For this example, use the getSinkWithFormat method.

// Example: Write Parquet to S3 // Consider whether useGlueParquetWriter is right for your workflow. import com.amazonaws.services.glue.util.JsonOptions import com.amazonaws.services.glue.{DynamicFrame, GlueContext} import org.apache.spark.SparkContext object GlueApp { def main(sysArgs: Array[String]): Unit = { val spark: SparkContext = new SparkContext() val glueContext: GlueContext = new GlueContext(spark) glueContext.getSinkWithFormat( connectionType="s3", options=JsonOptions("""{"path": "s3://s3path"}"""), format="parquet" ).writeDynamicFrame(dynamicFrame) } }

You can also use DataFrames in a script (org.apache.spark.sql.DataFrame).

df.write.parquet("s3://s3path/")

Parquet configuration reference

You can use the following format_options wherever Amazon Glue libraries specify format="parquet":

  • useGlueParquetWriter – Specifies the use of a custom Parquet writer that has performance optimizations for DynamicFrame workflows. For usage details, see Glue Parquet Writer.

    • Type: Boolean, Default:false

  • compression – Specifies the compression codec used. Values are fully compatible with org.apache.parquet.hadoop.metadata.CompressionCodecName.

    • Type: Enumerated Text, Default: "snappy"

    • Values: "uncompressed", "snappy", "gzip", and "lzo"

  • blockSize – Specifies the size in bytes of a row group being buffered in memory. You use this for tuning performance. Size should divide exactly into a number of megabytes.

    • Type: Numerical, Default:134217728

    • The default value is equal to 128 MB.

  • pageSize – Specifies the size in bytes of a page. You use this for tuning performance. A page is the smallest unit that must be read fully to access a single record.

    • Type: Numerical, Default:1048576

    • The default value is equal to 1 MB.

Note

Additionally, any options that are accepted by the underlying SparkSQL code can be passed to this format by way of the connection_options map parameter. For example, you can set a Spark configuration such as mergeSchema for the Amazon Glue Spark reader to merge the schema for all files.

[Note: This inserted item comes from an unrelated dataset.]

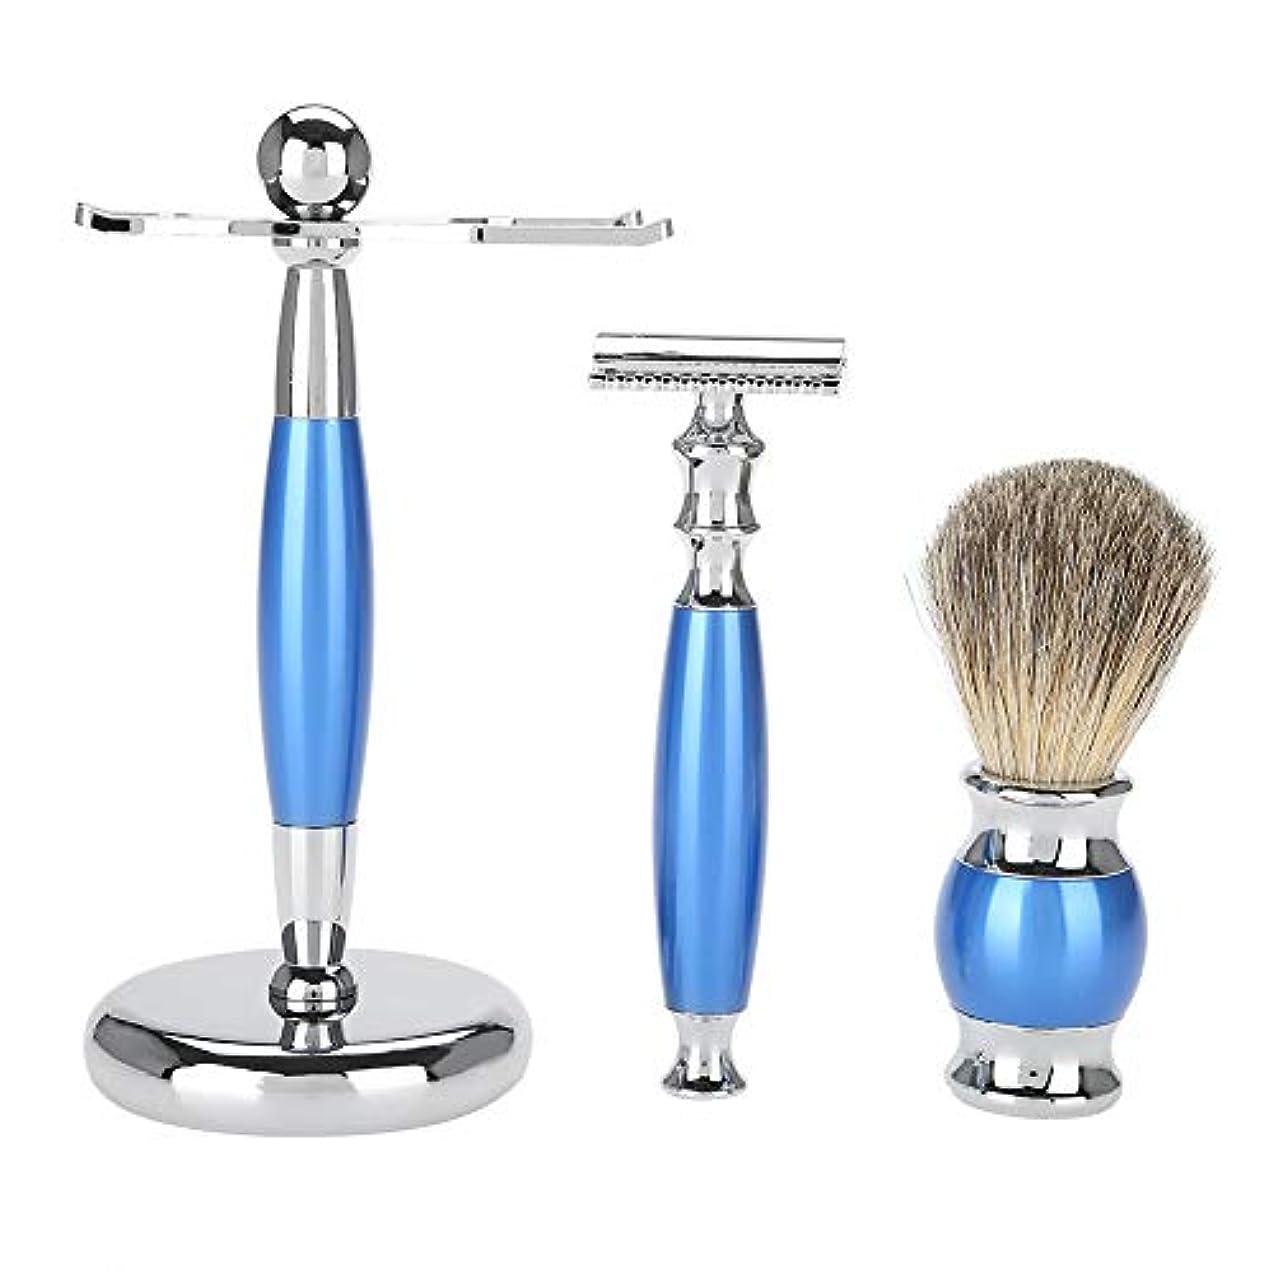 優先水分心臓ひげ剃りセット安全剃刀ブラシスタンドラックホルダー (青)

Optimize write performance with Amazon Glue Parquet writer

Note

The Amazon Glue Parquet writer has historically been accessed through the glueparquet format type. This access pattern is no longer advocated. Instead, use the parquet type with useGlueParquetWriter enabled.

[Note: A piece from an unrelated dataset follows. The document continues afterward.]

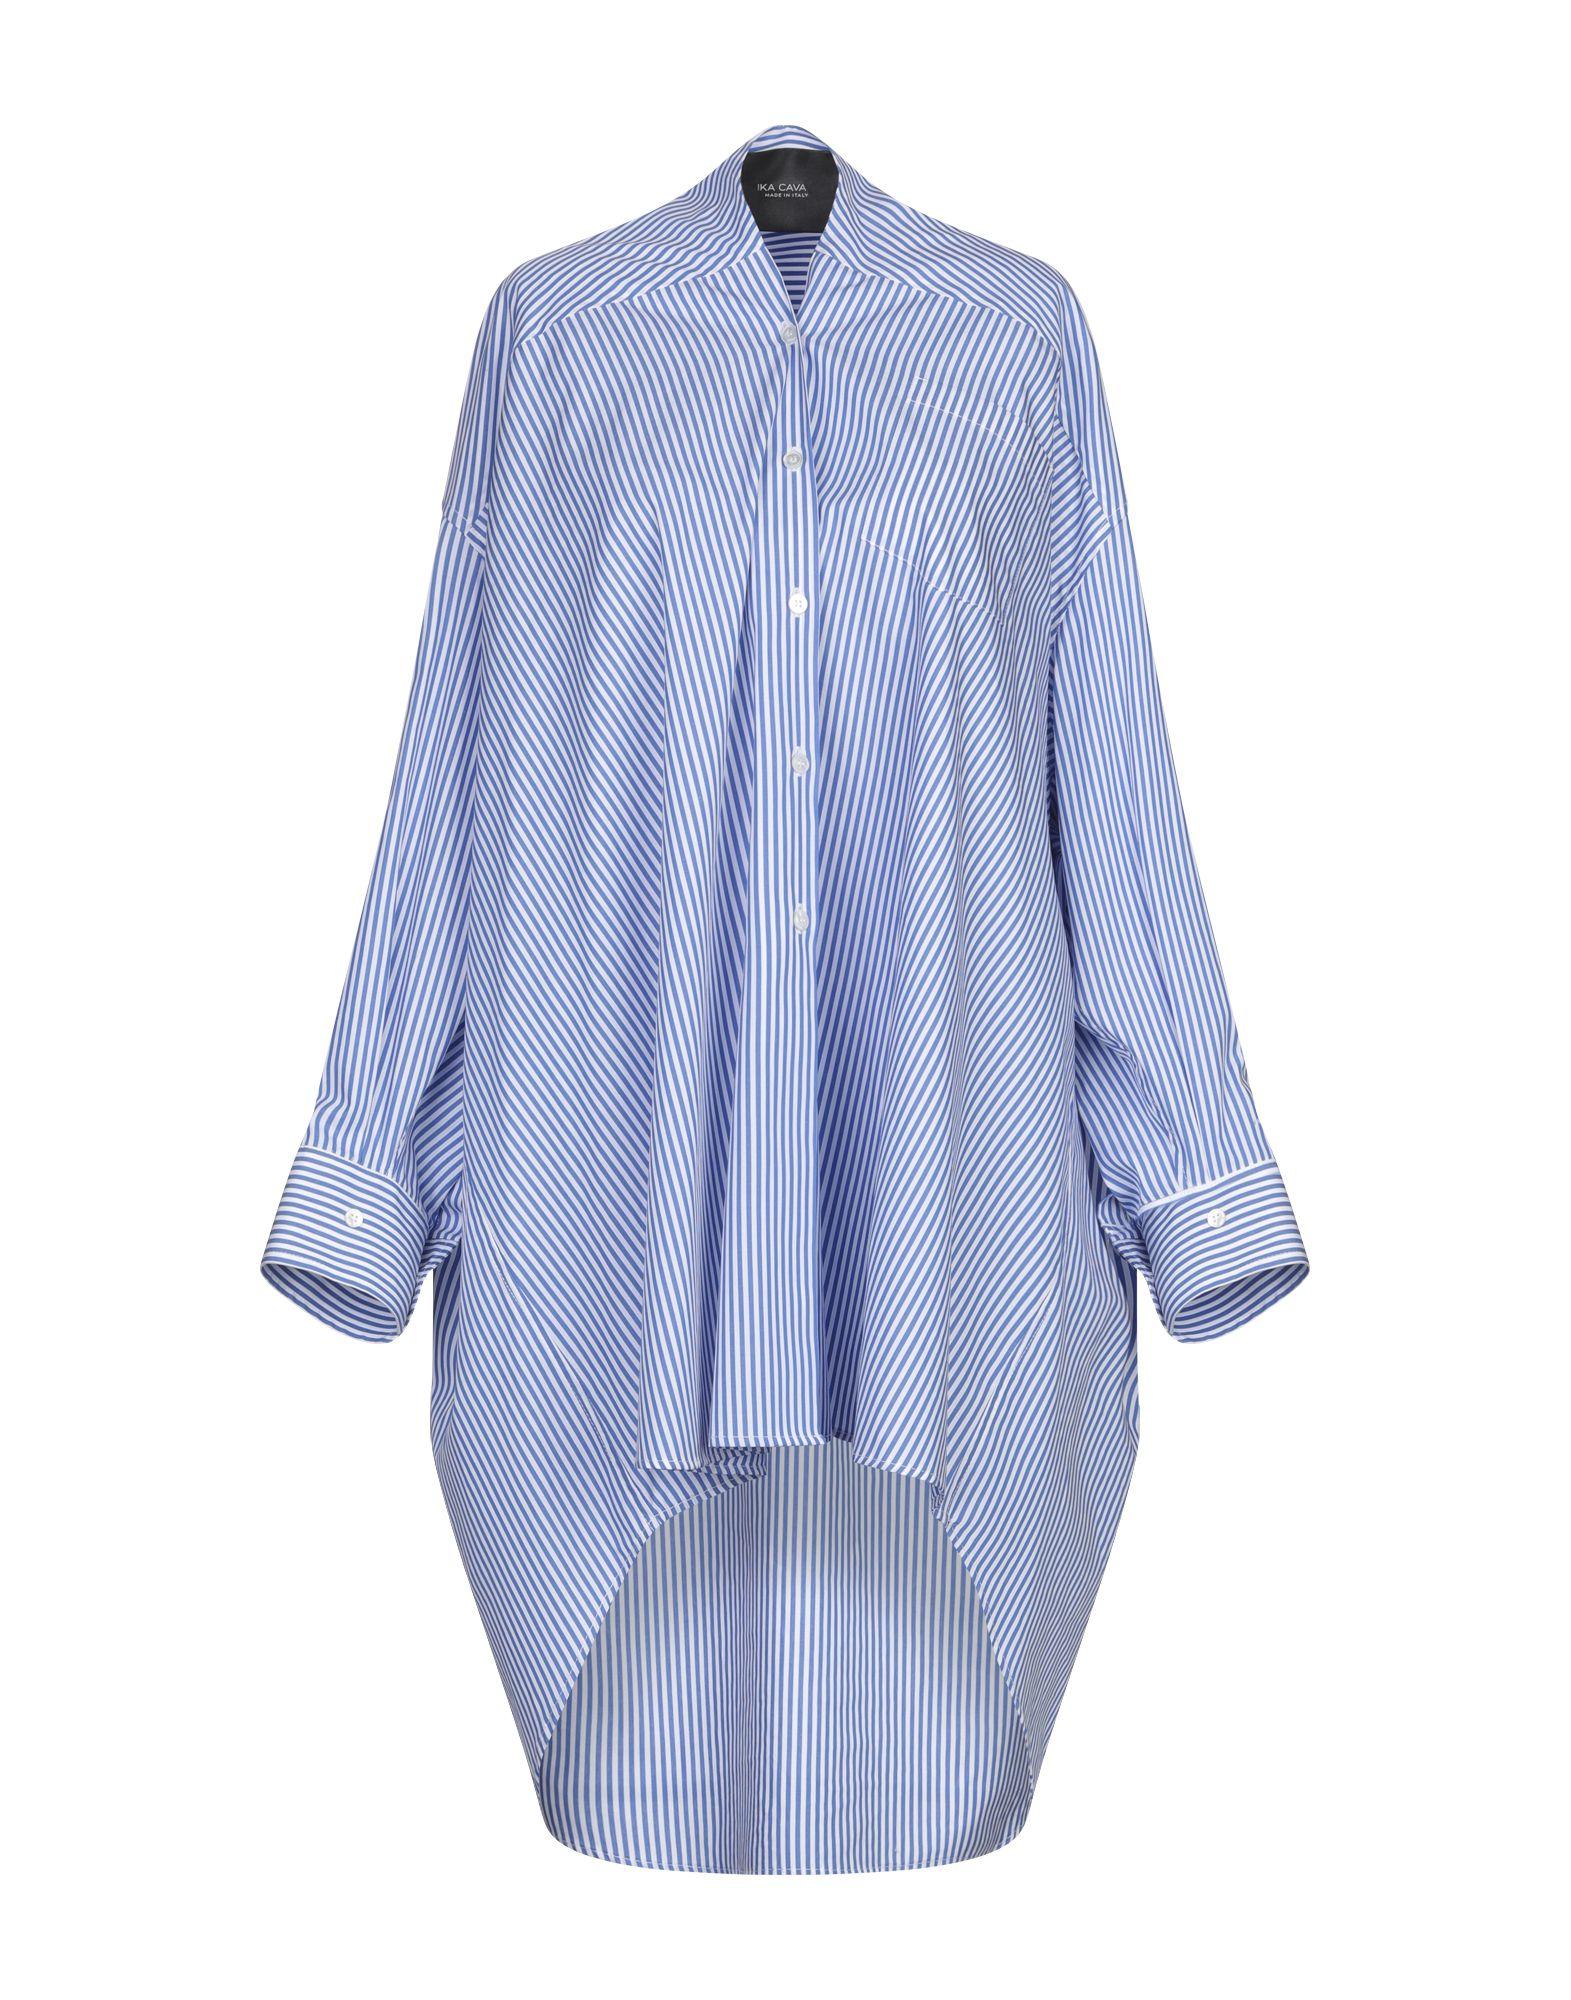 Camicia Camicia Camicia A Righe Erika Cavallini donna - 38834731LM bc8

The Amazon Glue Parquet writer has performance enhancements that allow faster Parquet file writes. The traditional writer computes a schema before writing. The Parquet format doesn't store the schema in a quickly retrievable fashion, so this might take some time. With the Amazon Glue Parquet writer, a pre-computed schema isn't required. The writer computes and modifies the schema dynamically, as data comes in.

Note the following limitations when you specify useGlueParquetWriter:

  • The writer supports only schema evolution (such as adding or removing columns), but not changing column types, such as with ResolveChoice.

  • The writer doesn't support writing empty DataFrames—for example, to write a schema-only file. When integrating with the Amazon Glue Data Catalog by setting enableUpdateCatalog=True, attempting to write an empty DataFrame will not update the Data Catalog. This will result in creating a table in the Data Catalog without a schema.

If your transform doesn't require these limitations, turning on the Amazon Glue Parquet writer should increase performance.